I admired his hard work. I was proud that he had stuck with something, even when it proved to be difficult. I championed that he had not given up.

I pretended to care about finding lapis lazuli.

He was proud.

More importantly, he wanted my approval... a gigantic milestone in a child with a perspective processing disorder like autism.

He cared what I thought.

Let me write that again...

He cared what I thought.

***

It is often said that autistic children (and adults) lack empathy. It is also often misunderstood that they lack emotion. Most children (my son included) have a very healthy relationship with their emotions as they relate to themselves, but cannot see them in others. They don't disregard them (psychopath), they don't use them only to advance themselves (narcissist) they simply don't recognize another perspective in the first place. Remember, autism is Greek for "self-ness".

So, it is not unusual for a child to be sad, happy, nervous, and express it... but it might be difficult to recognize that in another.
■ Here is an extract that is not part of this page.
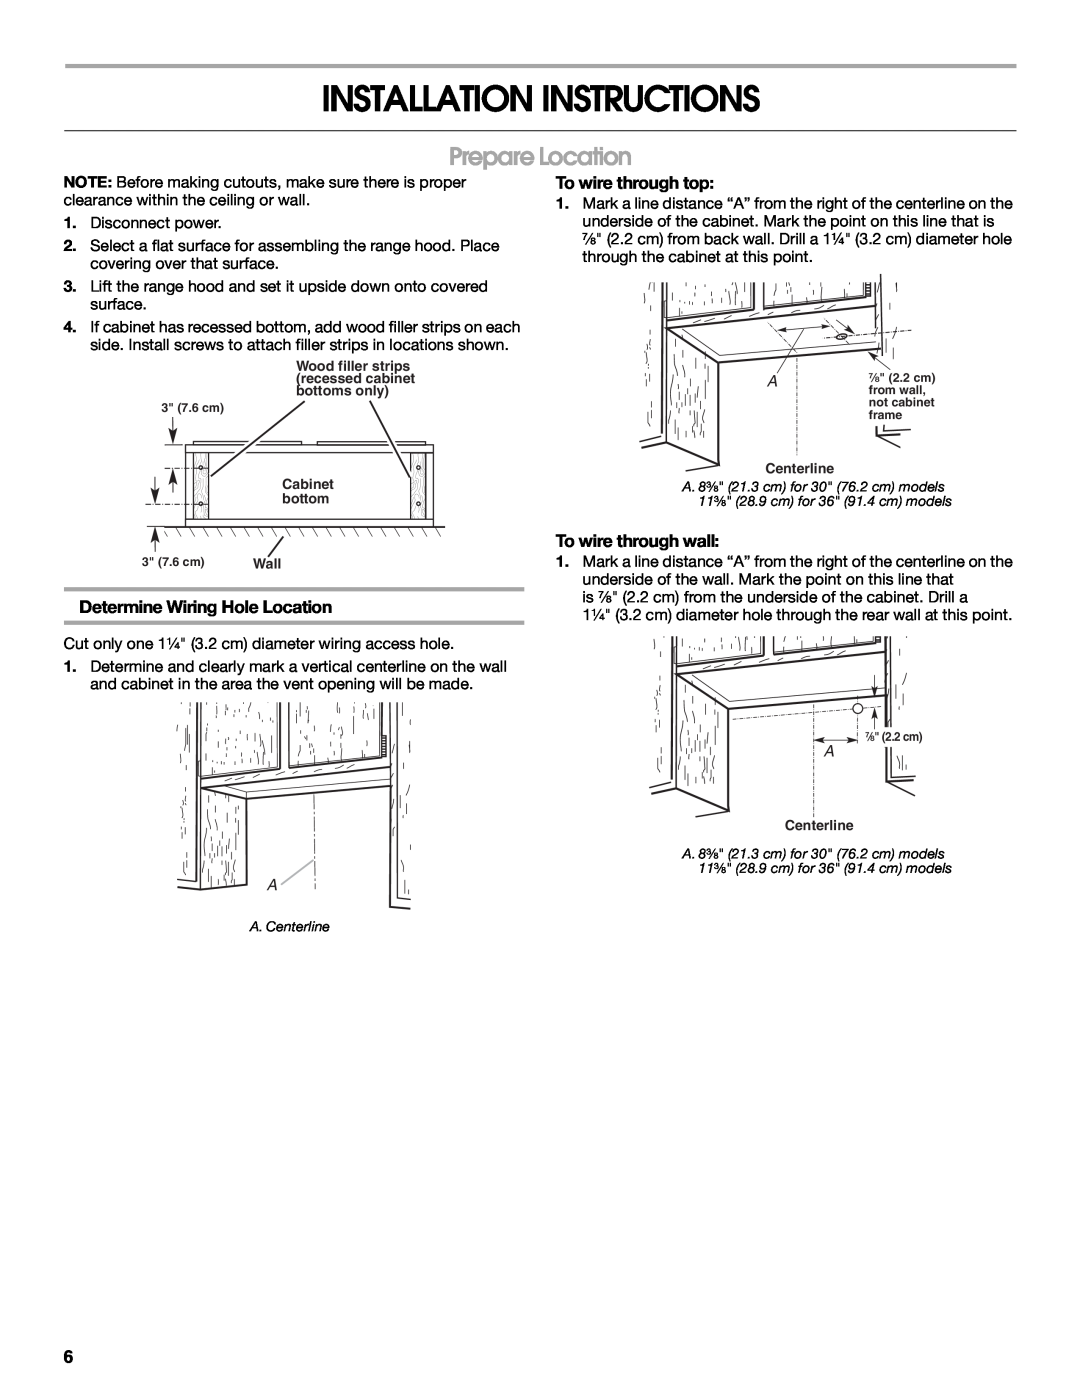 Whirlpool UXT4030AY Installation Instructions, Prepare Location, Determine Wiring Hole Location, To wire through top

Empathy - noun - The intellectual identification with or vicarious experiencing of the feelings, thoughts, or pathos of another.

Pathos - Suffering.

***

Somewhere in between the car and Sam Goody records, I dropped my envelope with my $50 bill. I looked for hours. I never found it. I got a new pair of gloves for Christmas. They were too big. The envelope must have slipped out of my hands because I wasn't used to the gloves yet. It was all their fault. I wished I had never got those gloves.

***

Jack came home from swim camp yesterday and was in a bit of a testy mood. He wanted to be alone and work on his MineCraft. Twenty minutes later I heard from his room the repeated cries of "no"!!!

I went to his room and Jack was under a blanket crying. Sobbing. Big fat ugly tears. Now, I've seen him cry a million times... because he wanted something, because he dropped something on his foot, because he didn't know how else to express himself... but there was something different.

Sadness.

Suffering.

"What happened?"

"It's all gone. I forgot to save my stuff in my chest and I fell in a hole and it's all gone! My diamond armor, even my diamond sword. It's all gone. I'm so stupid. I worked so hard to get it all. How could I forget? I hate myself."

He was fairly inconsolable, but I caught something in there... he was blaming himself! He was taking responsibility for his error... and was sad about it.

I asked him if there was a way to get it back and he said "no". I fought the urge to pick up to console and try to find a way to get his stuff back...

But nobody gave me my $50 back.

And then he said it...

"I wish I had never learned to play MineCraft"

***

Jack got a new aide for Summer School. He had to say good-bye to his old aide on the last day of school. I wrote about it on the Facebook page.

But, she was in his Summer School classroom with her new student. So he didn't really have to say "good-bye" until the last day of summer school.

When he came home that day, he was sad and quiet. He wouldn't tell me why.

Eventually he asked me

"Daddy, why did you make me meet Ms Melissa?"
"I don't understand"
"If I had never met her, I would have never had to say good-bye"

and I responded with the only thing I could muster up... a quote from a song by Garth Brooks.

"Well, then you would have had to miss the dance, Son"



***


Jack started re-building his MineCraft mod hours later.

Jack started dancing with Ms. Melanie (his new aide) instantly.

I, however, never wore those gloves again.

Who really has the problem recognizing the suffering in others???